Esteri
Venezuela contro Stati Uniti, la tensione cresce. La Cia è pronta, Trump: “Maduro ha i giorni contati”
Continua il serrato pugno di ferro degli Stati Uniti contro il Venezuela, e ora dopo ora la tensione cresce e lo scontro diretto si fa sempre più imminente. Del resto il Pentagono sta esibendo la sua forza in mondo visione con le immagini della Flotta schierata nel Mare dei Caraibi come non si vedeva dai tempi dell’operazione “Urgent Fury”, la guerra lampo voluta da Ronald Reagan e che portò il 25 ottobre del 1983 allo sbarco dei Marines sull’isola di Grenada.

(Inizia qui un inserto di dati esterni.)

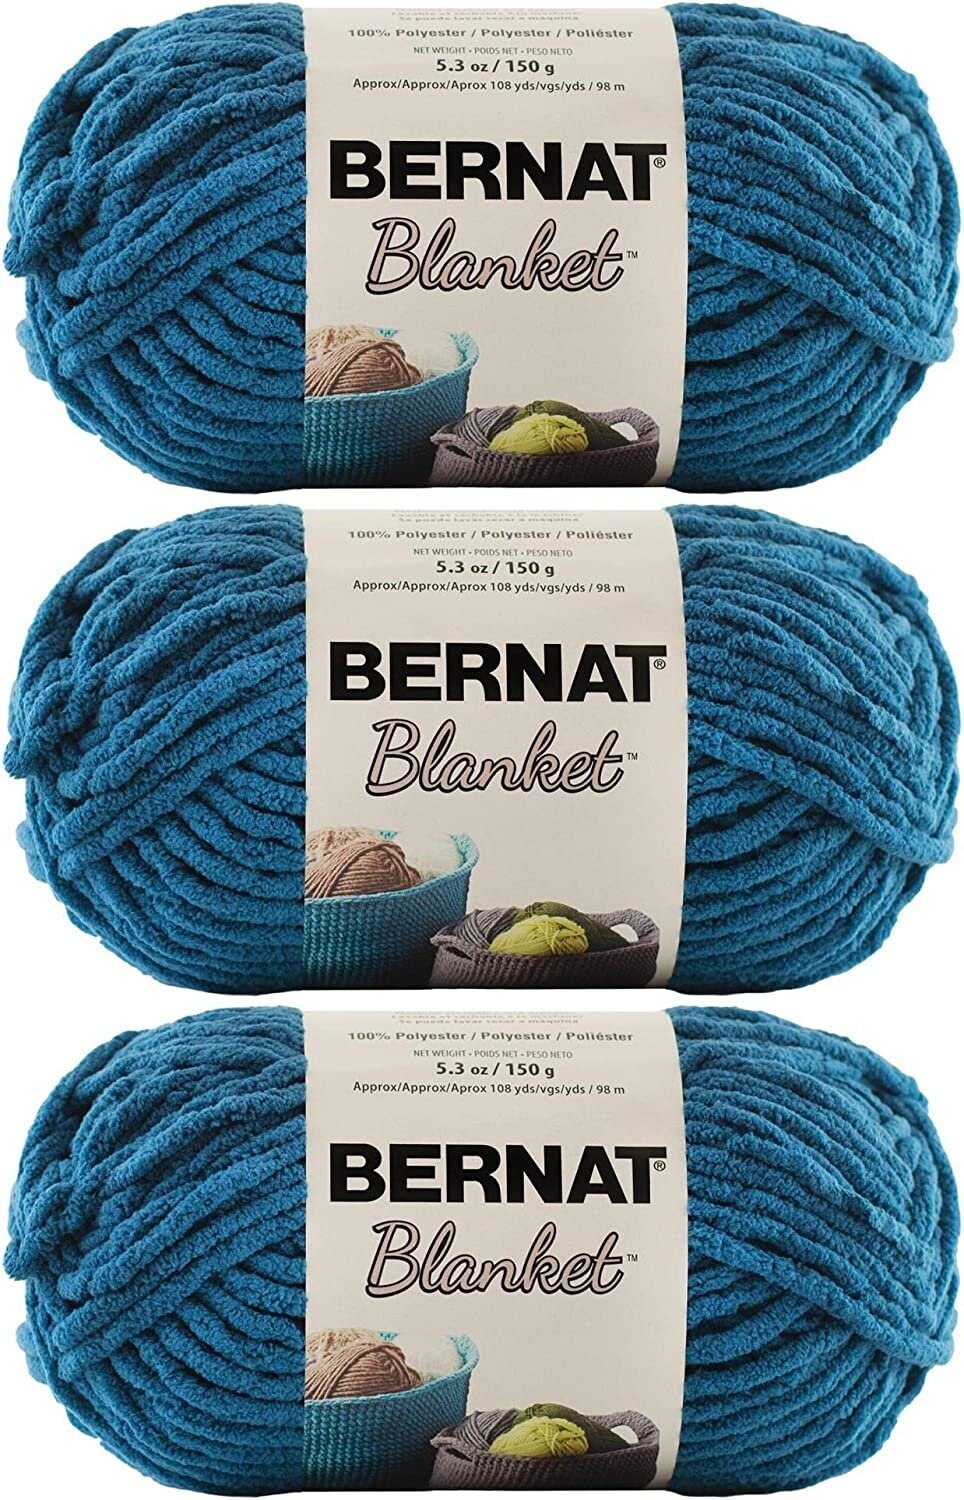 Super Bulky #6 3-Pack Royal Blue Bulk Buy: Bernat Blanket Yarn 5.3 Ounce 108 Yards Per Skein Solids and Ombres

Anche all’ora l’operazione fu condannata dall’Onu – e questo la dice lunga sulla rilevanza delle Nazioni Unite quando sono in ballo gli interessi americani -, e come oggi il teatro fu il Mar dei Caraibi.
Ieri come oggi, al netto di un certo senso del vintage, anche in questo caso a confrontarsi sono le due visioni d’America, quella statunitense e quella marxista – leninista, che assume le vestigia corrotte del regime di Maduro, che per gli Stati Uniti è il vertice dei cartelli. Nel 1983 l’obiettivo ufficiale era quello di impedire che si istaurasse a Grenada un nuovo regime comunista controllato da Cuba, uno sfregio inaccettabile per gli Stati Uniti nel loro cortile di casa – con lo spettro della “Baia dei Porci” dietro l’angolo -, ma in verità la necessità di quella vittoria risiedeva nella volontà degli Stati Uniti di tornare ad assaporare il senso della vittoria, dopo il dramma del Vietnam, cosi da coronare l’era dell’ottimismo reaganiana anche sul piano militare. Una vittoria che serviva al di là dell’immediato risultato politico e geopolitico per risvegliare l’animo di una nazione depressa.
Ed anche oggi l’America ha la necessità di uscire dalla depressione della decadenza post-Afghanistan, e quale modo migliore se non restituendo la libertà – American Dream – ad un popolo oppresso da un tiranno comunista e per di più narcotrafficante? Dunque non più una miccia ideologica, ma securitaria alla tranquillità americana, quella che Donald Trump ha promesso di ripristinare. La ciliegina trumpiana è fornita poi dalla presenza di una figura come Maria Corina Machado, Premio Nobel per la Pace e rampante leader dell’opposizione venezuelana.
Sul terreno intanto sono 14 le imbarcazioni colpite dai raid della U.S. Navy, in quella che ufficialmente è ancora una guerra contro i narcotrafficanti venezuelani, e dunque indirizzata a colpire i canali di esportazione della cocaina e del fentanyl, che negli Stati Uniti è un vero e proprio flagello. Intanto i Marines hanno simulato le operazioni di sbarco, quasi a voler invitare i titubanti golpisti ad agire in fretta, rovesciando il regime senza scatenare un eventuale invasione. Guerra psicologica, e spettro che Maduro tenta di allontanare chiedendo aiuto a Russia e Cina, alleati di Caracas che Washington è intenzionata ad allontanare dal proprio emisfero.
Il rischio di una nuova crisi cubana c’è, e non è escluso che i russi ipotizzino un’Ucraina americana. Ma Washington e soprattutto la Cia questa volta sembrano essersi mossi con tempo, e del resto contrariamente a quanto avvenuto in Ucraina con buona pace del Cremlino il regime di Maduro è inviso al popolo venezuelano, ma fino ad oggi è mancata la volontà di rovesciare un regime forse per mancanza di un’alternativa ritenuta credibile e affidabile.